Статьи и эссе | Утопия и антиутопия | Встреча с Оруэллом

Встреча с Оруэллом

Москва, Книжное обозрение, 20 мая 1988 г., № 21

В июне 1949 года одновременно в Лондоне и Нью-Йорке большим по тем временам тиражом — 25 500 экземпляров — вышел в свет роман Джорджа Оруэлла «1984». В одной из первых рецензий он был назван «книгой века» и сохранил этот титул до сего дня. Многократно с тех пор переизданный на 60 языках, экранизированный и телеэкранизированный, роман признан «самой читаемой из серьезных книг XX века». У него очень высокий индекс цитируемости; по популярности среди интеллигенции он соперничает с книгами Сартра и Бердяева, Джойса и Кафки; по успеху у рядовых читателей догоняет детективы и любовные романы. В какой-то мере это и любовный роман — love story, и политический детектив. Но это и философская проза, и социальный манифест. А то, что и правые, и левые, традиционалисты и альтернативники, консерваторы и лейбористы считают эту книгу своим манифестом, своим заветом, позволяет предположить, что ее доступность и прозрачность обманчивы, что ее глубинный смысл ускользает от поклонников всех направлений. Скорее всего, смысл этот — общий для всех. Именно поэтому видится закономерной публикация «1984» и у нас в стране. Роман Оруэлла и его эссе готовятся сейчас к печати в издательстве «Прогресс».

«Я никогда не видел человека, так мало похожего на писателя и, пожалуй, вообще на житейское существо… Он был похож на литературный персонаж, на героя книги, скорее всего на Дон Кихота: невероятно длинной и худой своей фигурой и узким, длинным, с продольными морщинами лицом», — вспоминает его близкий друг Ричард Рис.

В сегодняшней борьбе за Оруэлла нет ничего странного: потомки всегда борются за классиков. А Джордж Оруэлл — вопреки многому из того, что раньше о нем писали некоторые наши критики, — не «политический памфлетист», а классик английской литературы, имя которого стоит в ряду со Свифтом и Диккенсом; реформатор английского литературного языка, чьи тексты изучаются в колледжах и штудируются в университетах как образцовая английская речь; политический писатель масштаба Джонсона и Гоббса, с эссе которого «Политика и язык» начинаются курсы политологии во многих университетах мира; блестящий литературный критик, мимо работ которого о Свифте и Диккенсе не проходит ни один специалист.

Именно классичность Оруэлла определяет его смысл и значение для советского читателя.
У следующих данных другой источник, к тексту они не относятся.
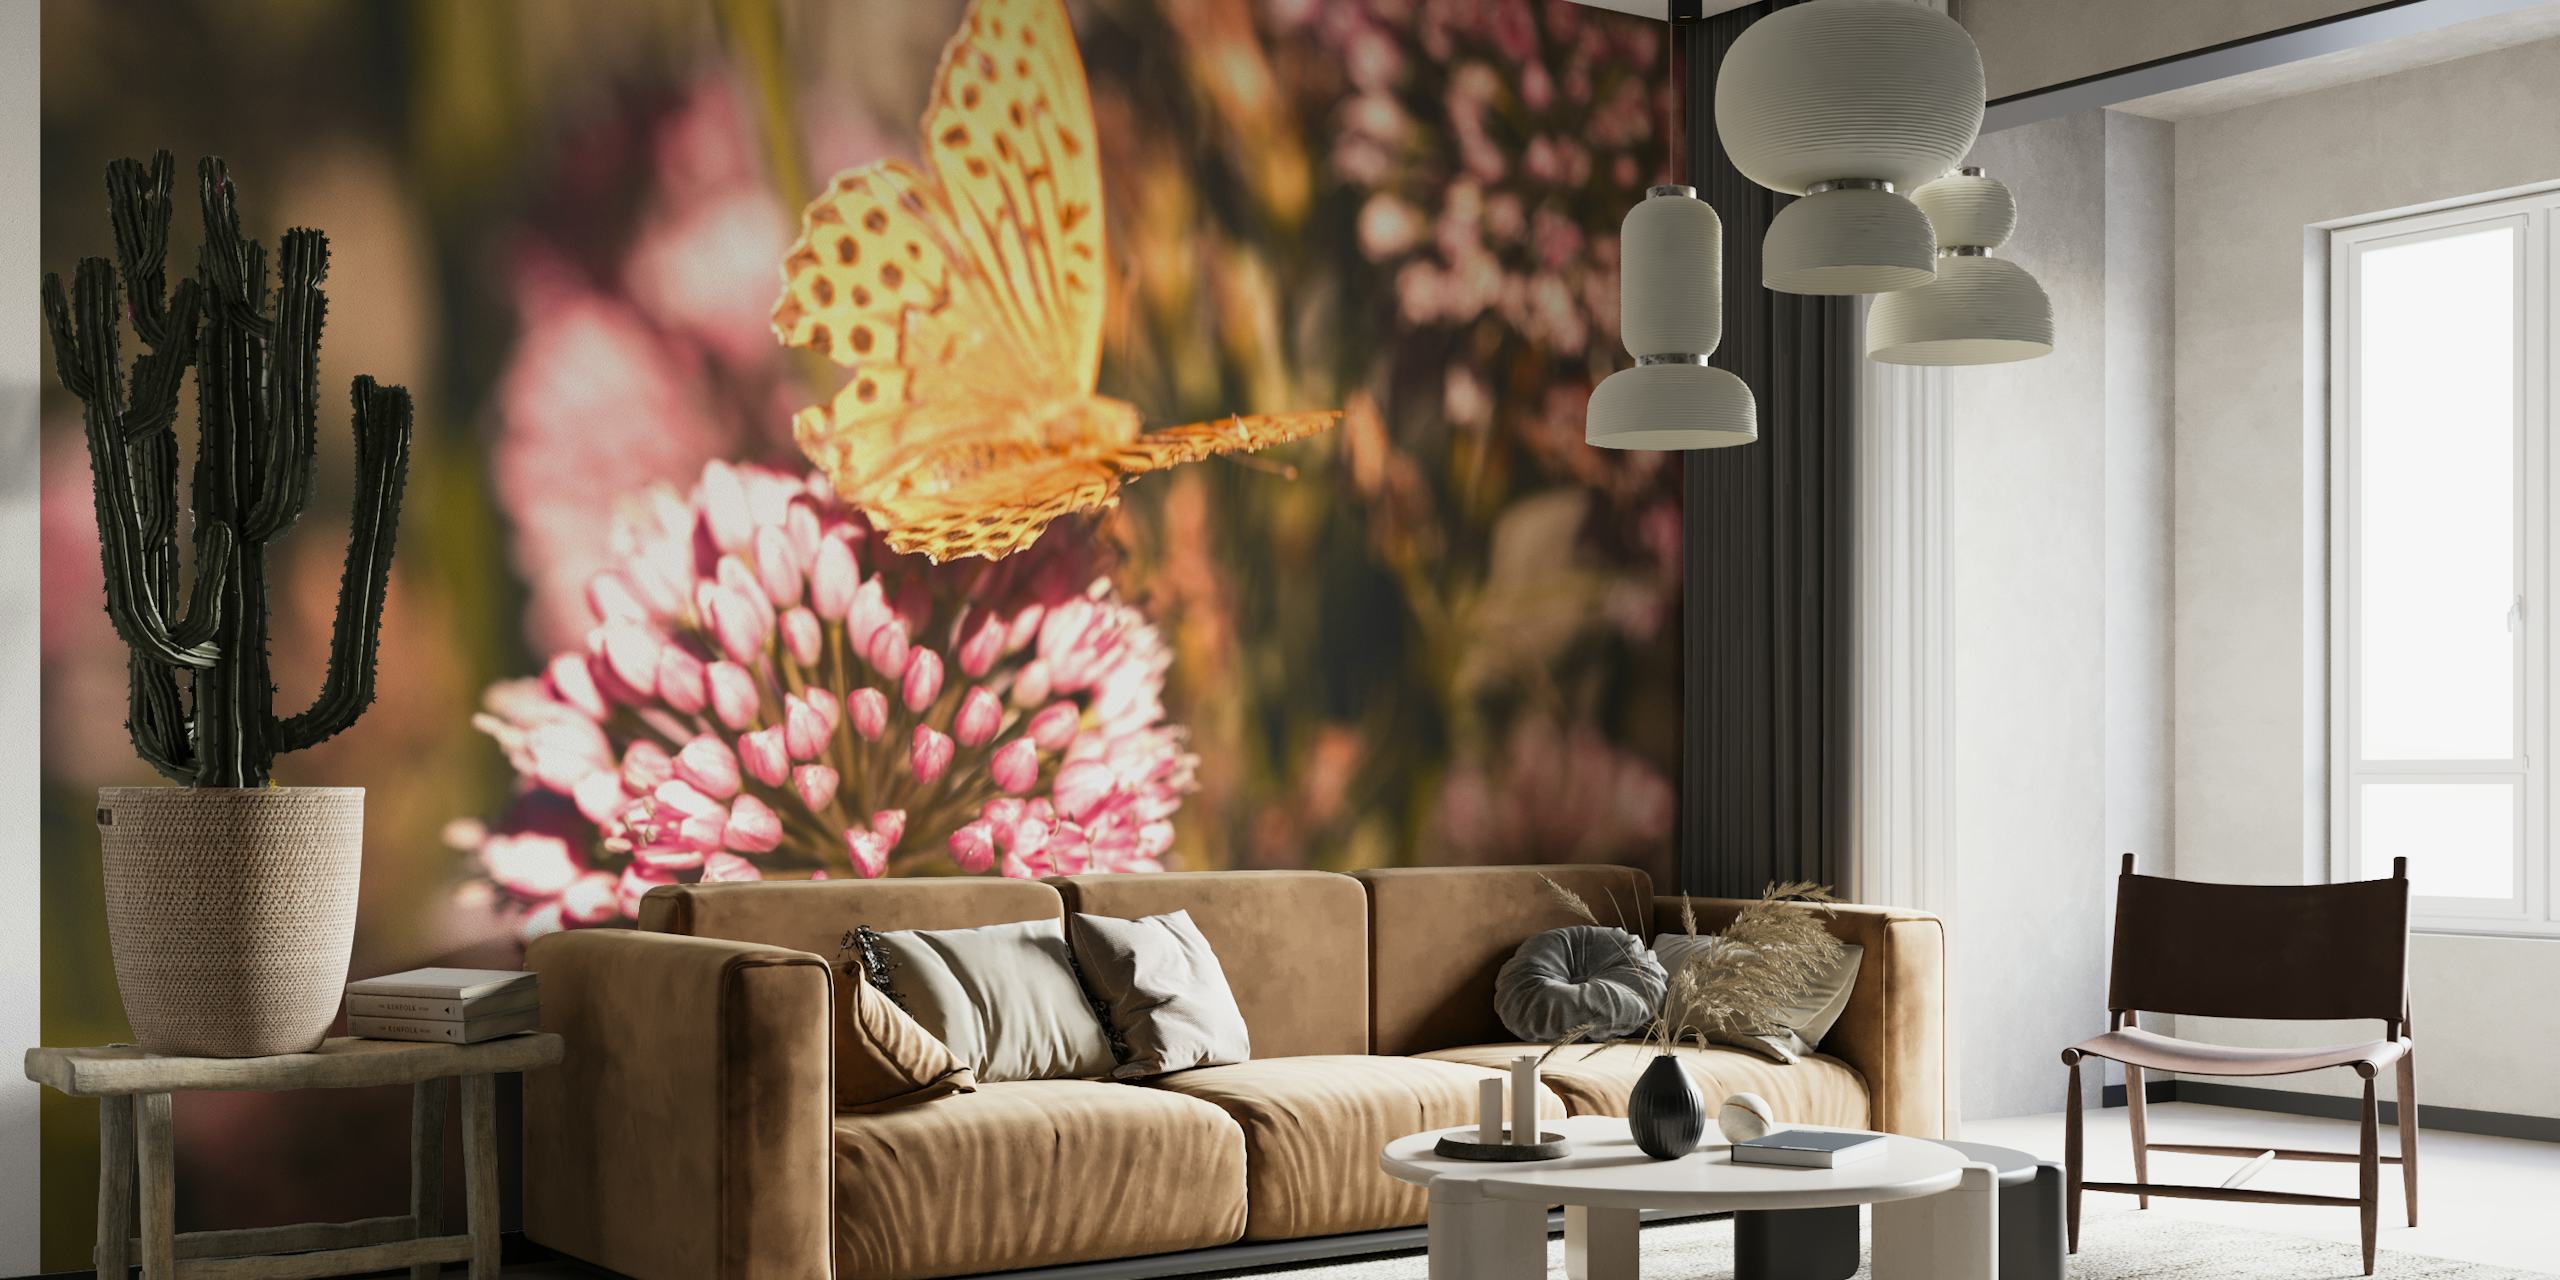 Uma borboleta empoleirada em uma flor, aparecendo no mural de parede 'Butterfly at Work'.

Один из синонимов классичности — всемирность. Немыслимы современные западные литературы без Толстого и Достоевского, а мы не можем понять пушкинскую весну нашей литературы без Байрона и Вальтера Скотта. Глубокое чувство родственности Диккенсу, о котором говорил Достоевский, точнее всего определяет судьбу английского (равно как и французского, и немецкого) слова в России. Но судьба Оруэлла в этом ряду — иная, единственная. Он стоит в отношении к нам иначе, чем его современники, прошедшие школу русского романа. Англичанин, не знавший ни одного русского слова, никогда не бывавший на нашей земле, он пережил российскую трагедию, как личную. «Я думаю, что в последнее десятилетие не было ни одного дня, когда бы он не терзал себя мыслью о России, о Сталине, о голоде, об исчезающих людях», — пишет мемуарист, очень близкий ему человек. Крайнее истощение и преждевременная смерть были не только следствием лишений и нечеловеческого труда, но и расплатой за глубочайшее вживание в роль мыслящей и чувствующей жертвы политического террора. Эта роль соответствовала его душевному складу и характеру таланта. «Он хотел быть, — пишет один из его друзей, — голосом молчаливых жертв: детей, китайских кули, судомоев, безработных, бродяг, шахтеров, приговоренных к повешению, каталонских крестьян и жертв революционных трибуналов». Перечисленное здесь — не риторический образ, это действующие лица, персонажи его небольшого автобиографически цельного литературного наследия: 5 романов, сатирическая сказка, три документально-художественных эссе, сборник стихов и 4 тома критики и публицистики. Из этого наследия первой придет к русским читателям его «Ферма животных», к сожалению, только к горстке читателей — подписчиков журнала «Родник» (№ № 3–7, 1988 г.), взявшего на себя честь и мужество представить Оруэлла стране, о которой он думал так много.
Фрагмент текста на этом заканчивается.